++++ Exercise input

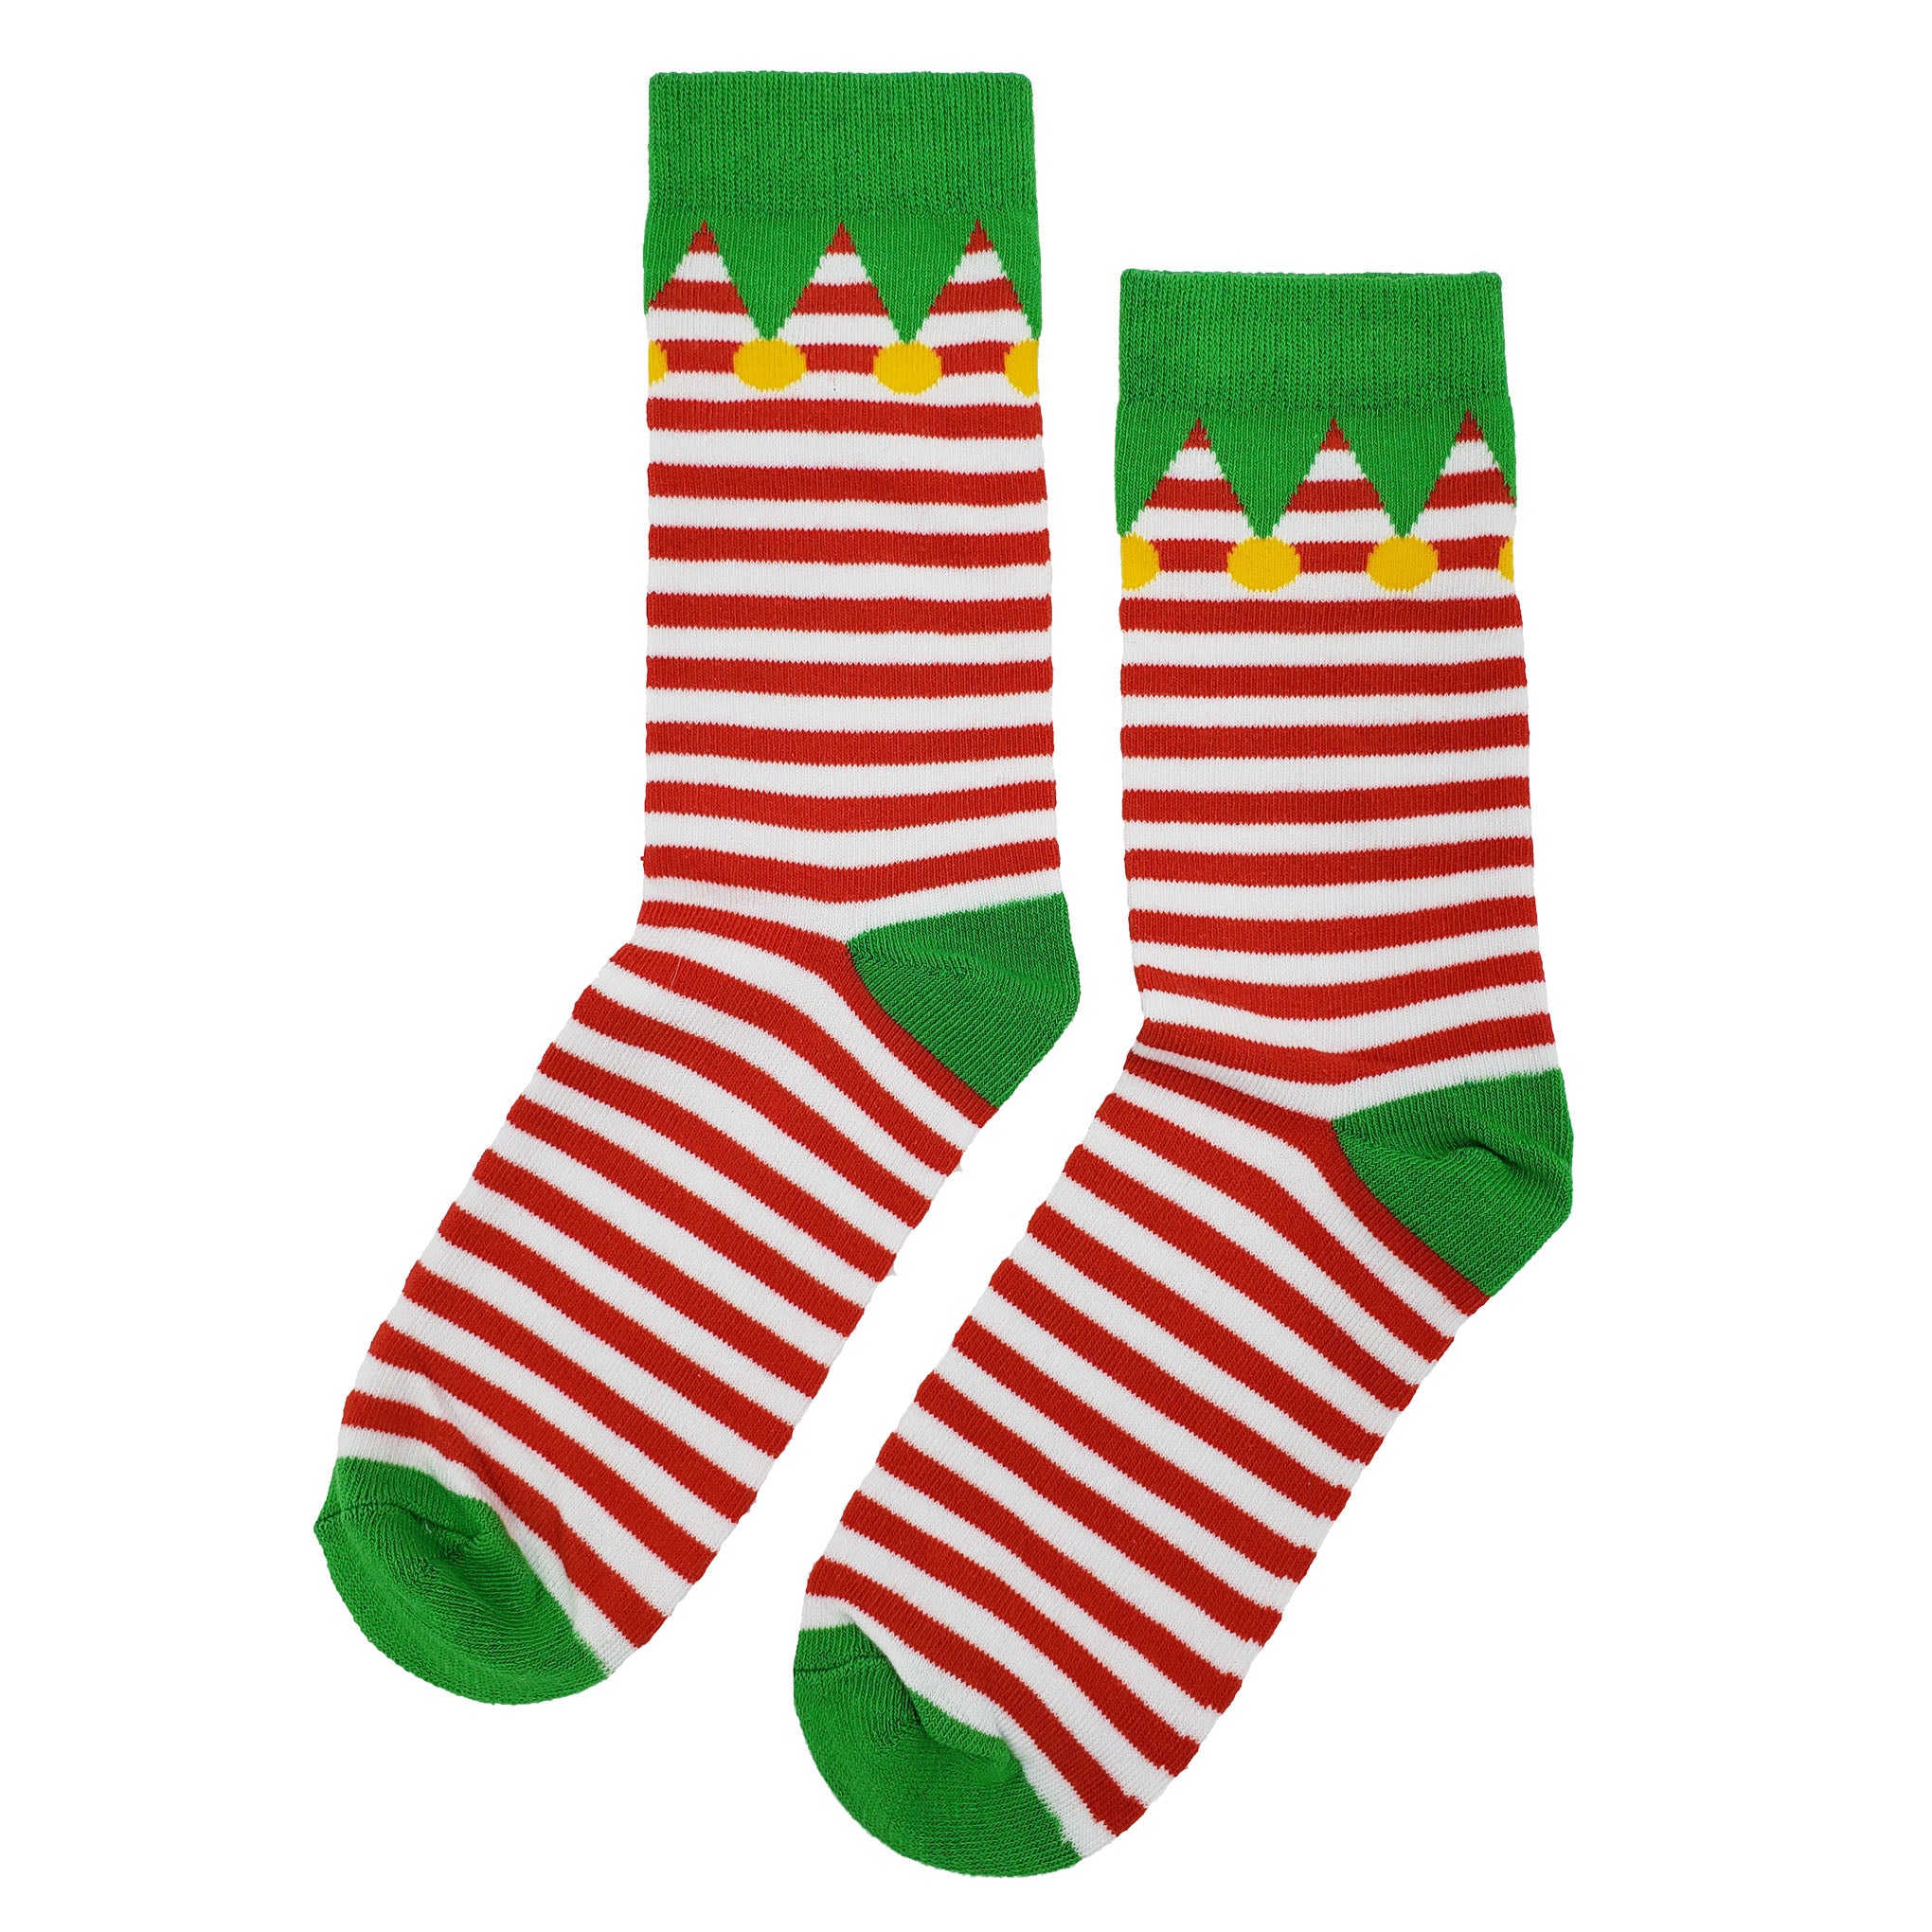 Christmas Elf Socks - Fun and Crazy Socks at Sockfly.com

++++++++
++++ Exercise input

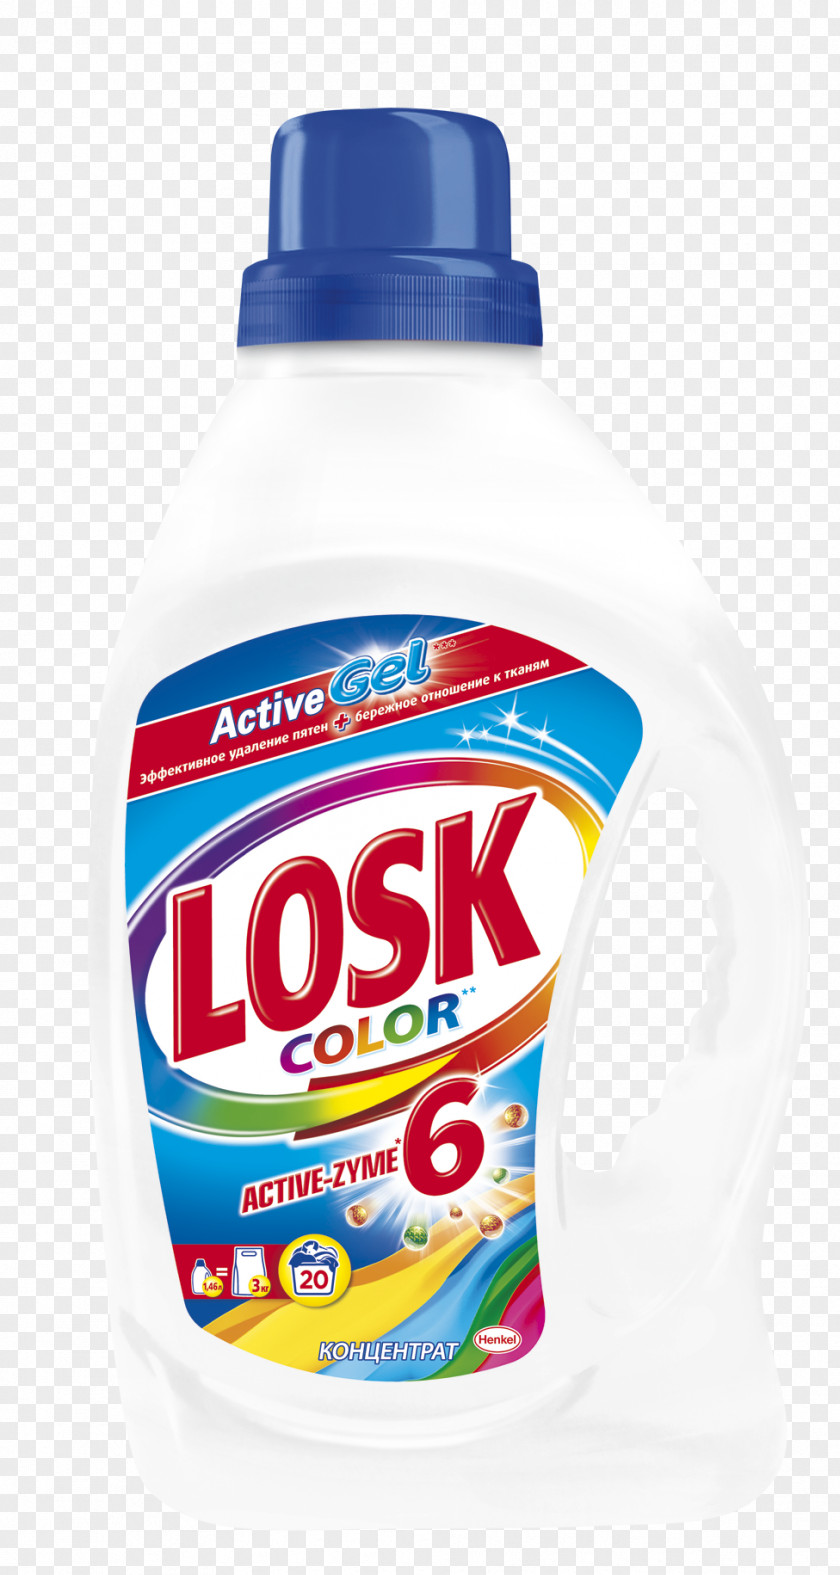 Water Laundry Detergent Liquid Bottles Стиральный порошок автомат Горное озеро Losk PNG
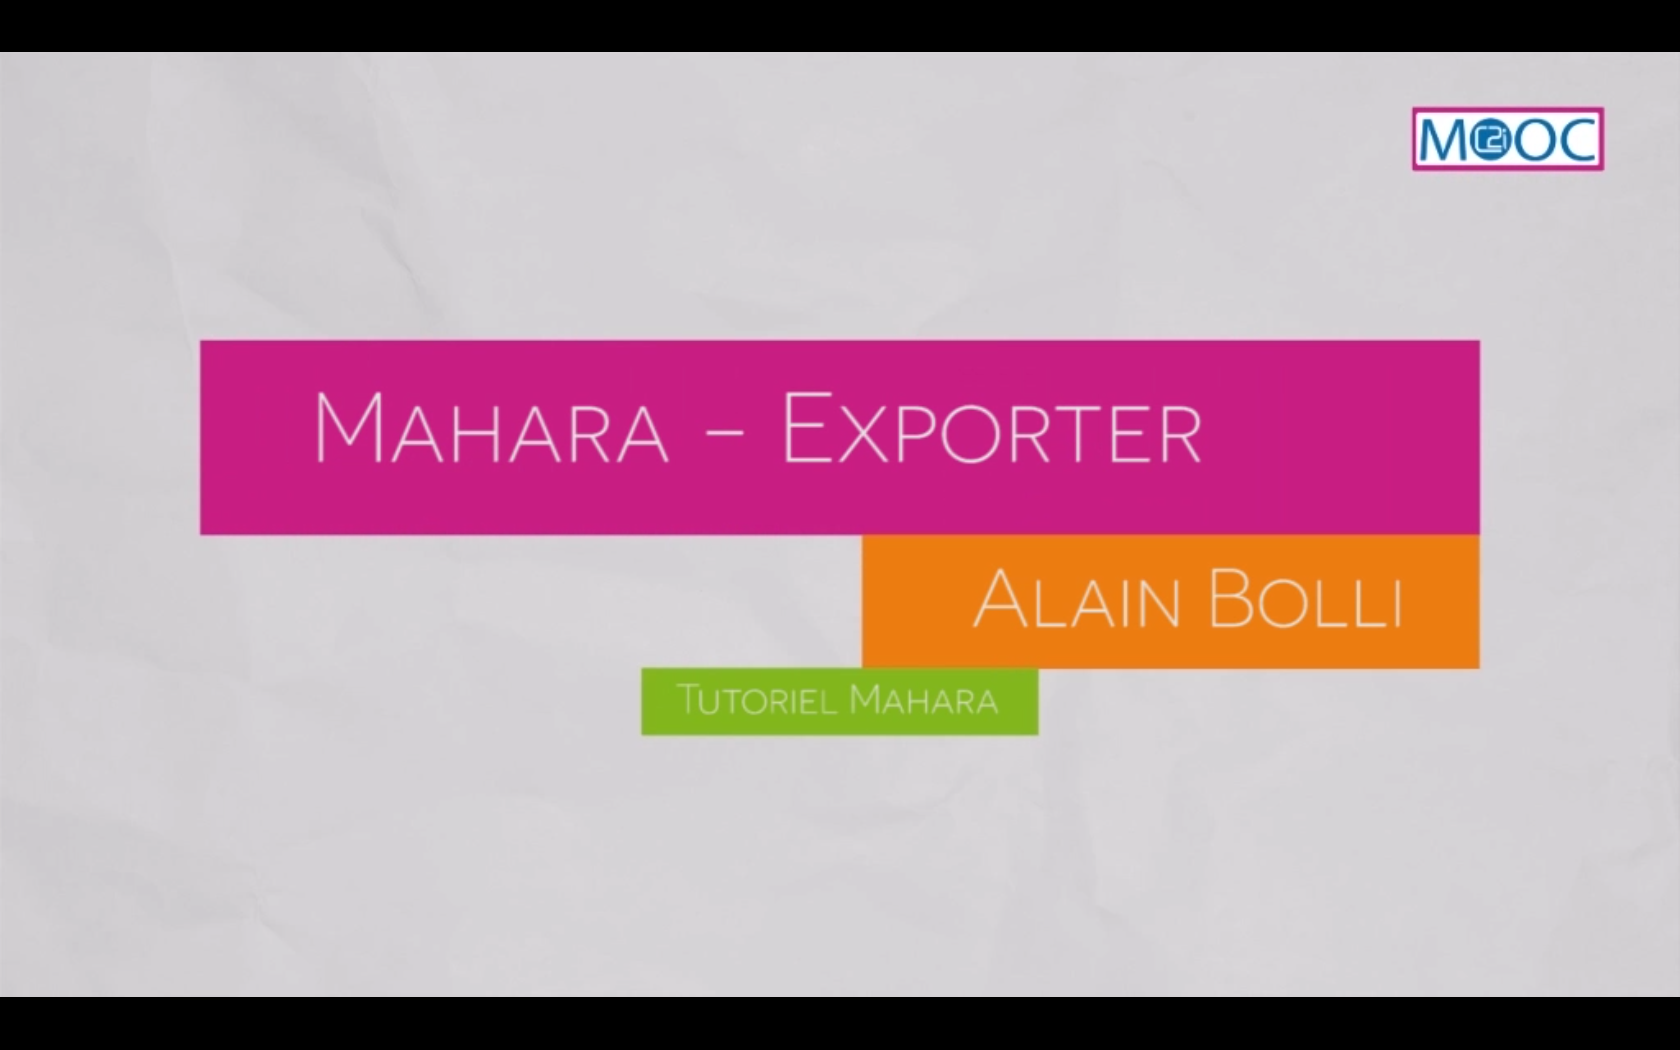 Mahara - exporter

++++++++
++++ Exercise input

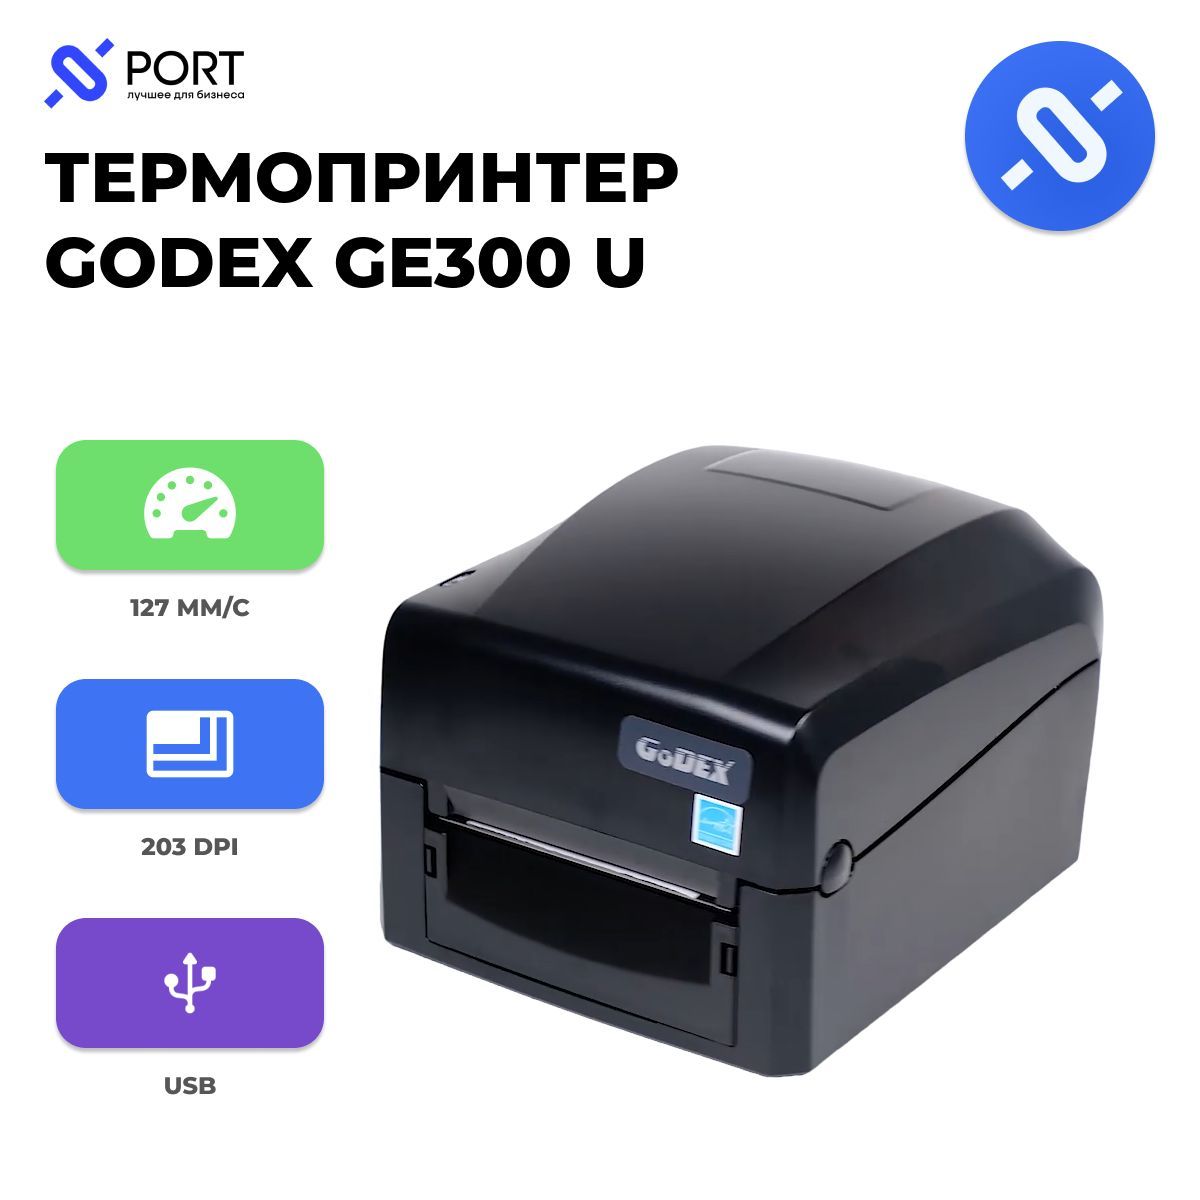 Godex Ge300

++++++++

Goal of the exercise
From the records above, copy exactly the stretch from the line holding "Water Laundry Detergent" through the line holding "Mahara - exporter", both ends included, without the pictures.

Result of the task
 Water Laundry Detergent Liquid Bottles Стиральный порошок автомат Горное озеро Losk PNG
 Mahara - exporter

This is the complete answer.